> [WHAT THE TASK REQUIRES]
Everything from the line with "honeymoon-destinations-2015-brazil-uxua-casa-pool-0115.jpg" through the final line of the listing below must be retyped exactly, apart from the pictures.

> [AVAILABLE DATA]
*** Begin section ***

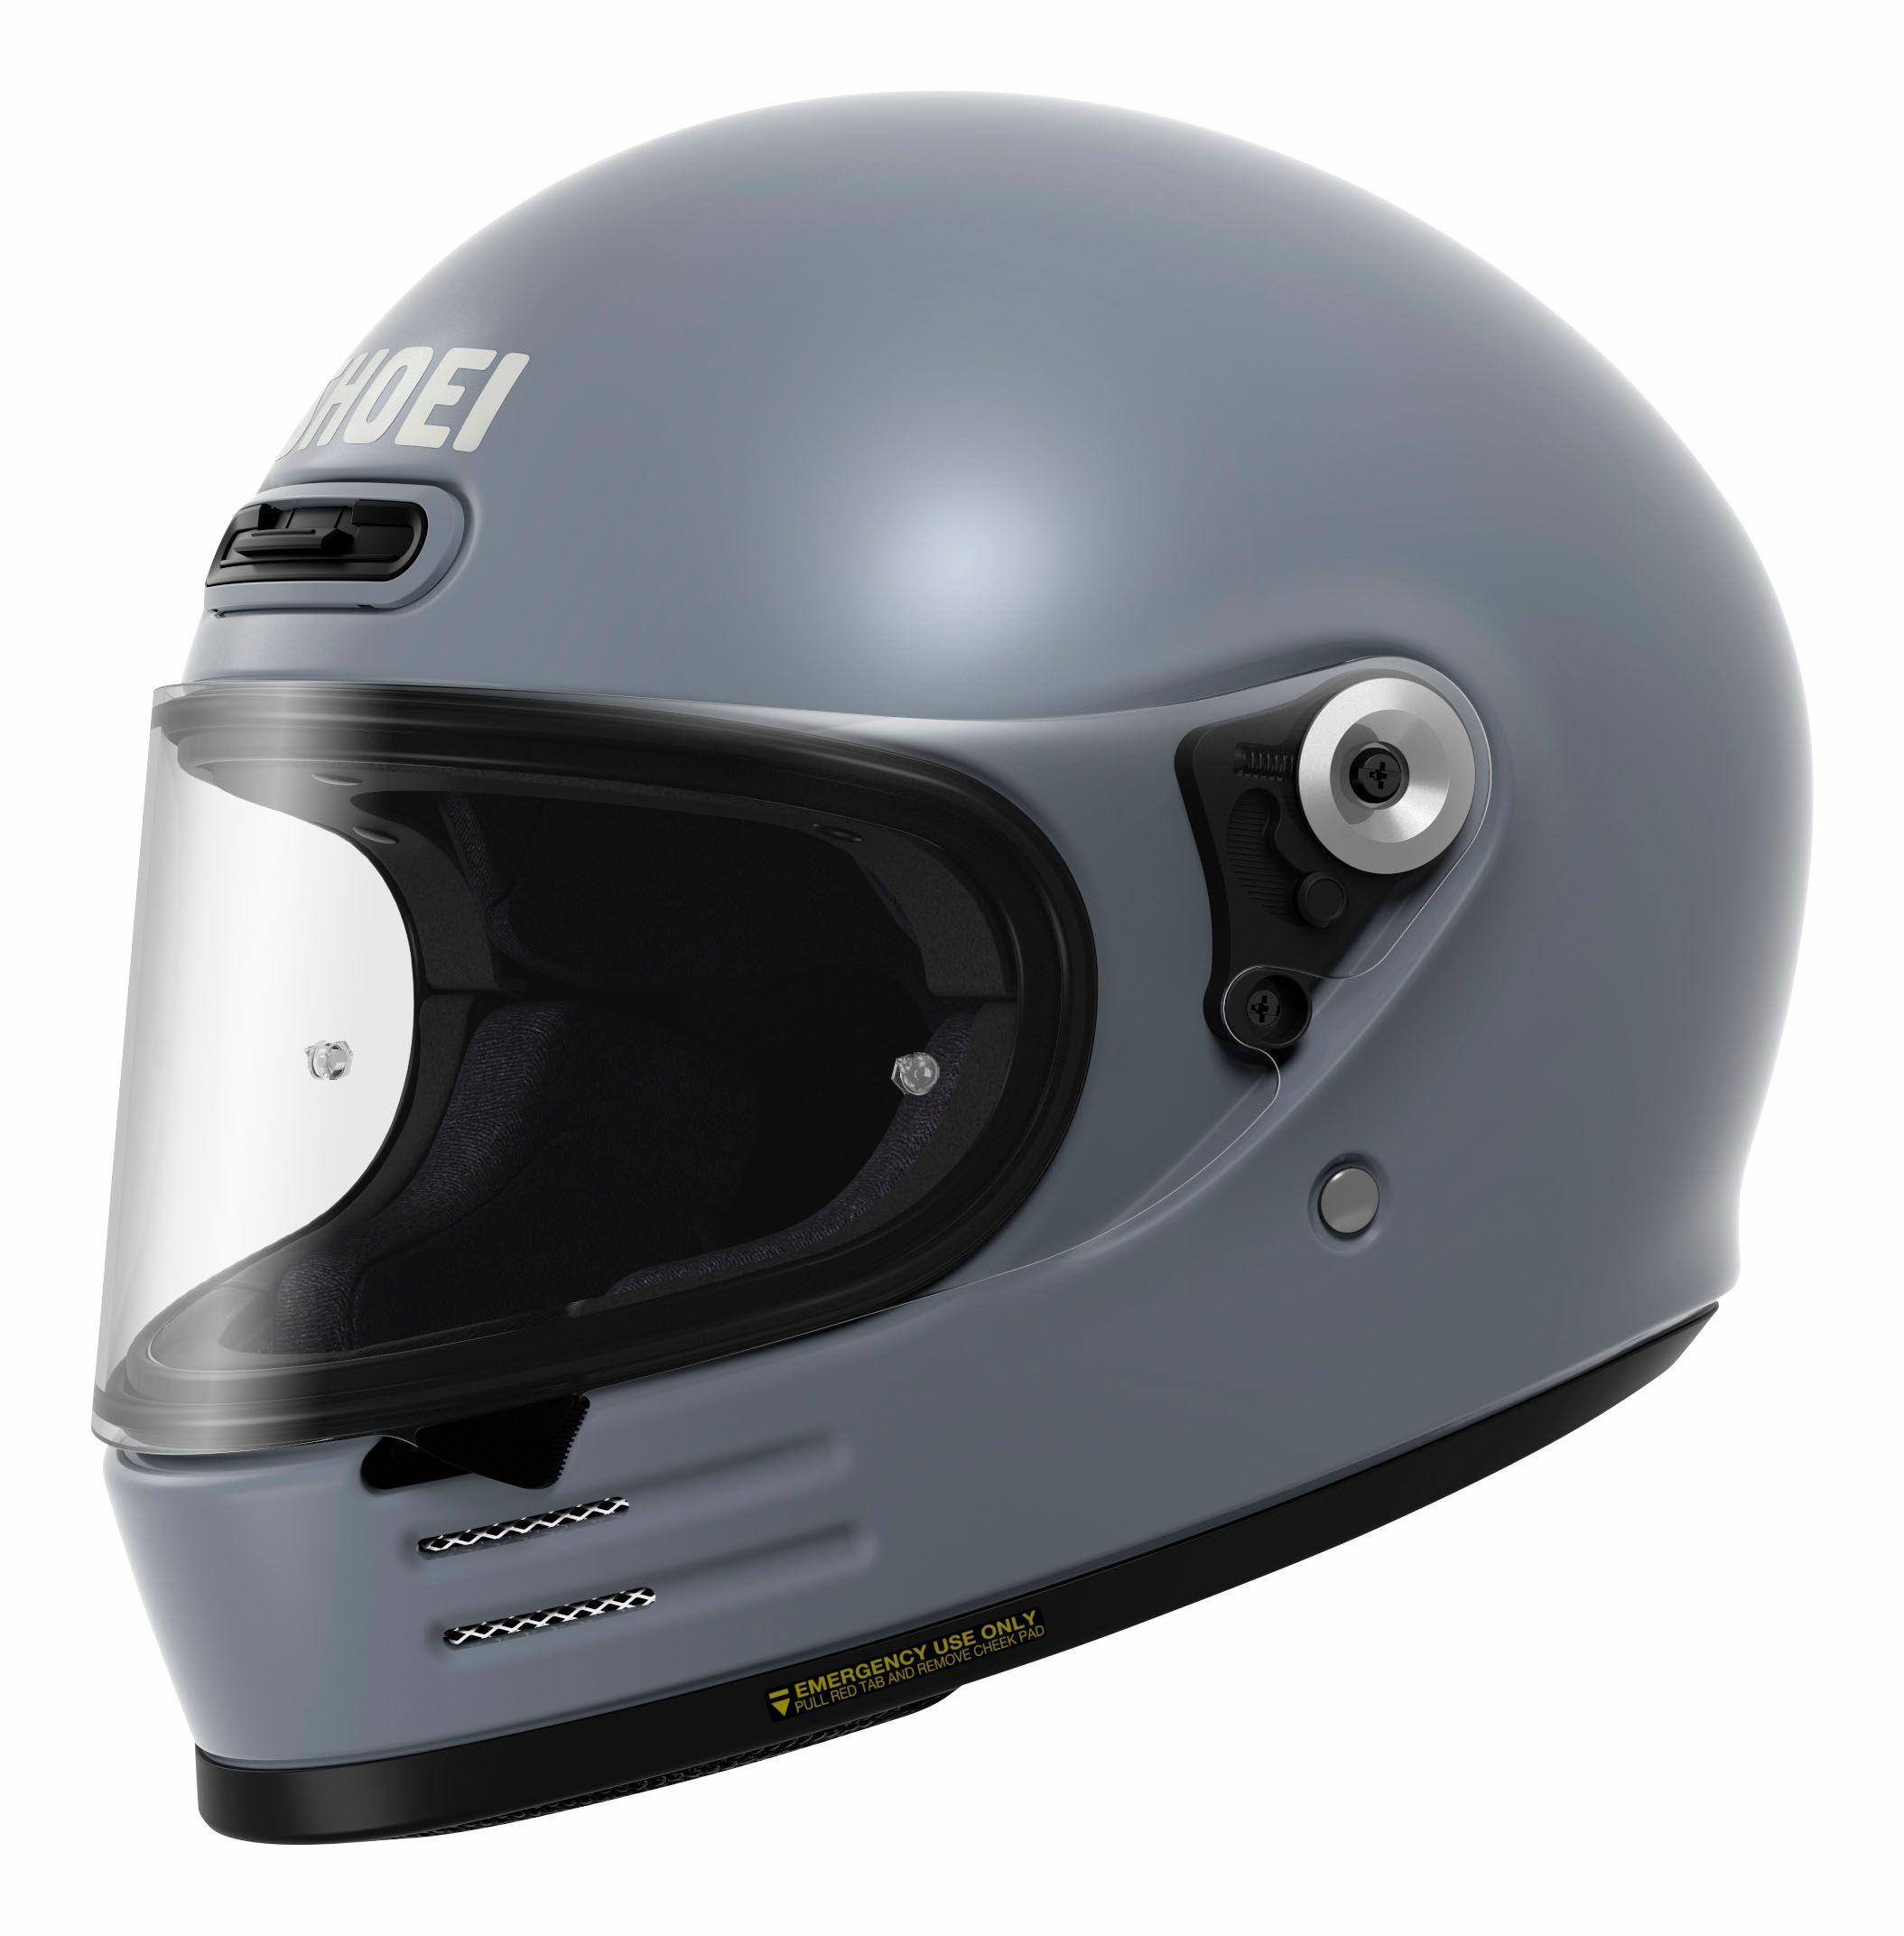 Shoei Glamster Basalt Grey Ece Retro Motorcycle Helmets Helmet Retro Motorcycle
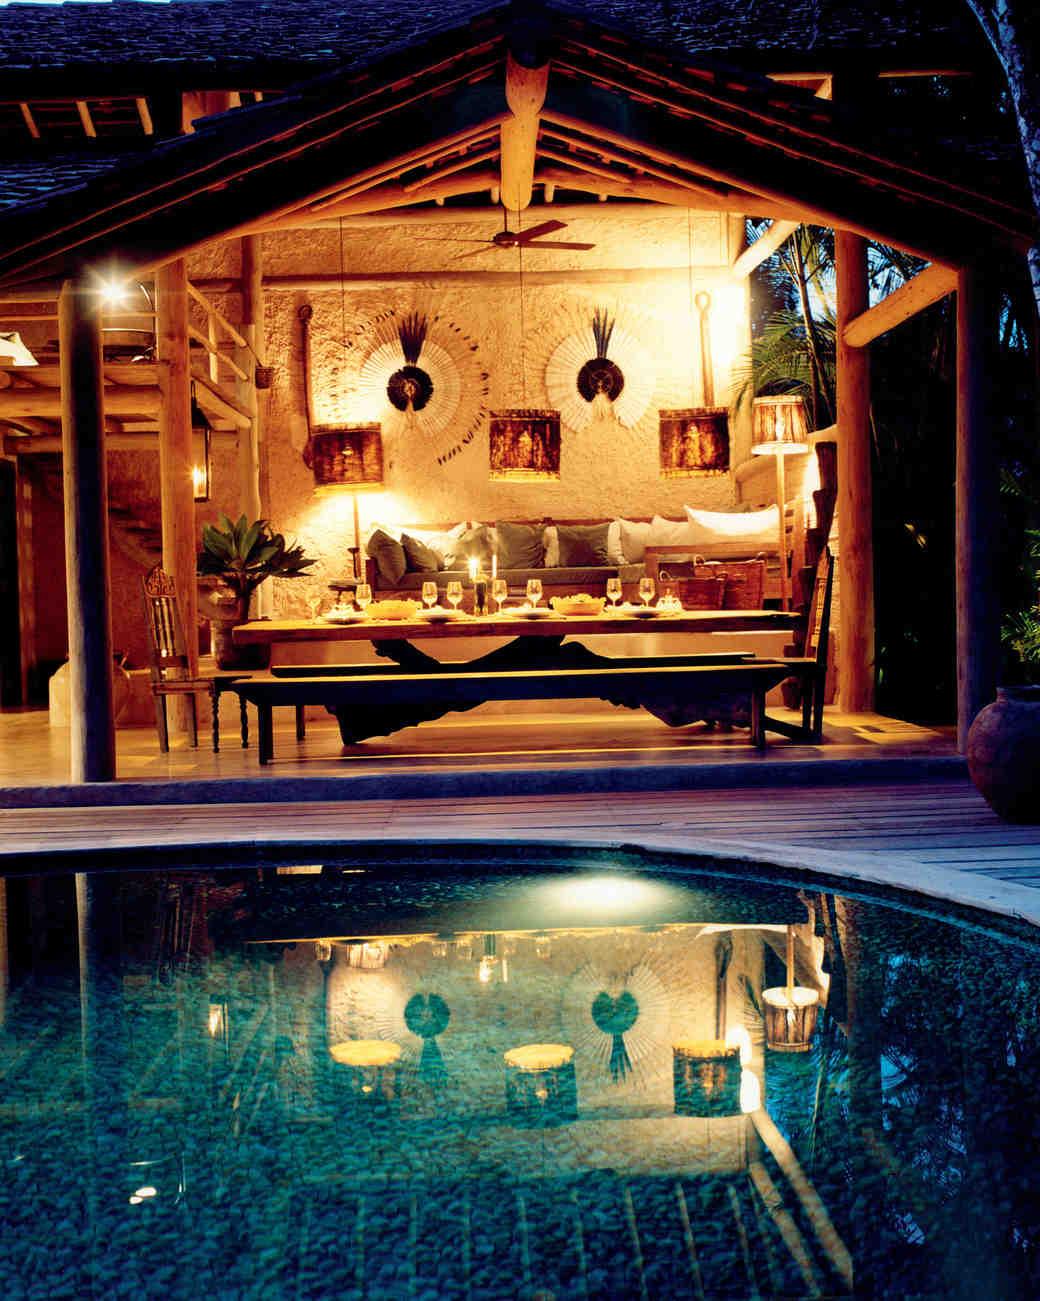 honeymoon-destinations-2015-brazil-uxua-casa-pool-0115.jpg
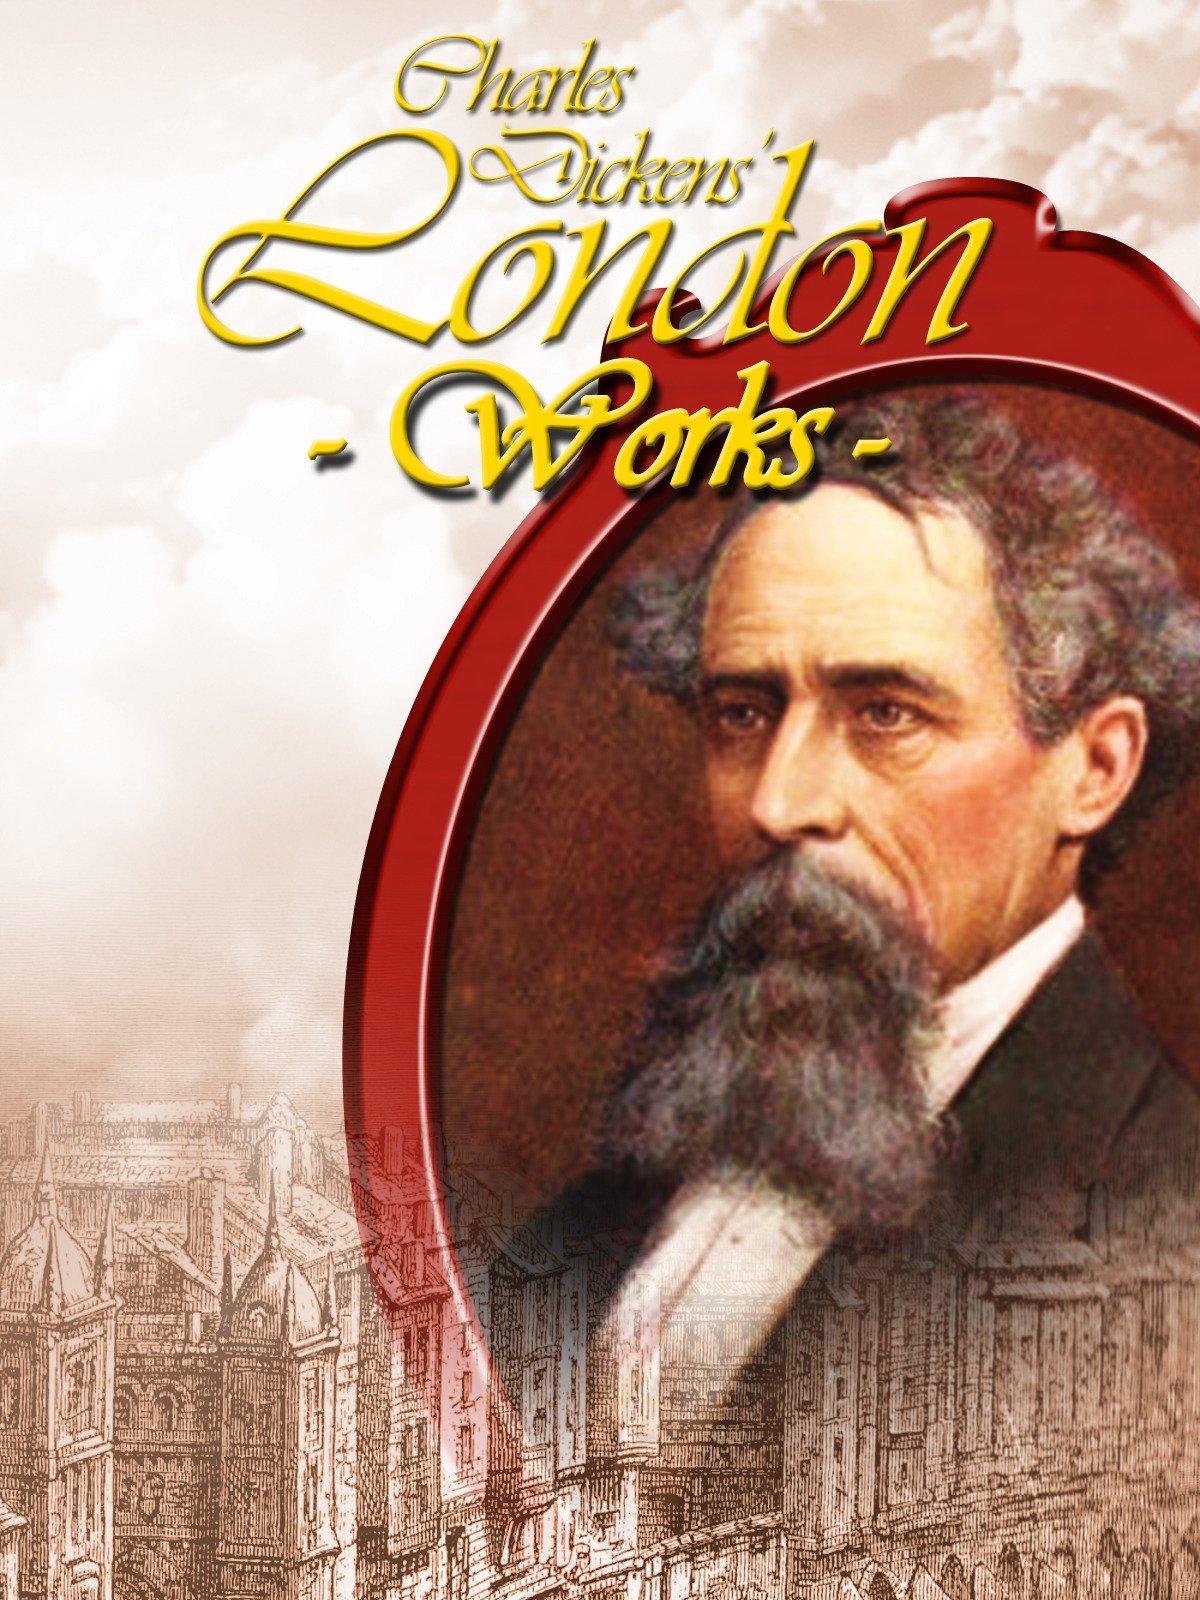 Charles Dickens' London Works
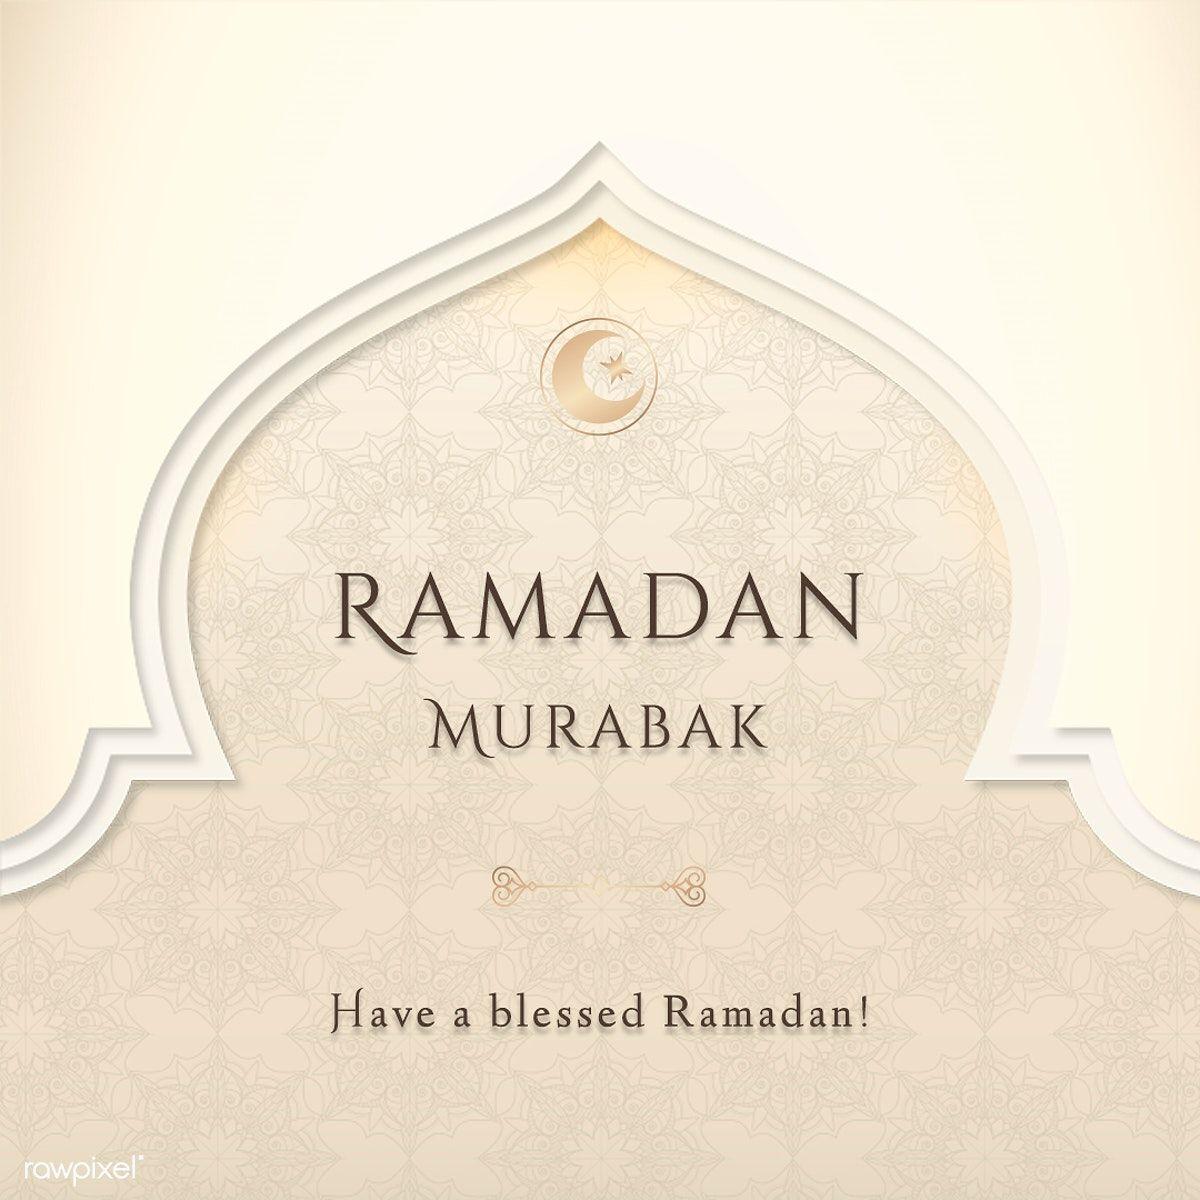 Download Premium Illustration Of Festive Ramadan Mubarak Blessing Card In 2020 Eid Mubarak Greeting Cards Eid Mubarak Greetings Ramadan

*** End section ***

> [TASK SOLUTION]
 honeymoon-destinations-2015-brazil-uxua-casa-pool-0115.jpg
 Charles Dickens' London Works
 Download Premium Illustration Of Festive Ramadan Mubarak Blessing Card In 2020 Eid Mubarak Greeting Cards Eid Mubarak Greetings Ramadan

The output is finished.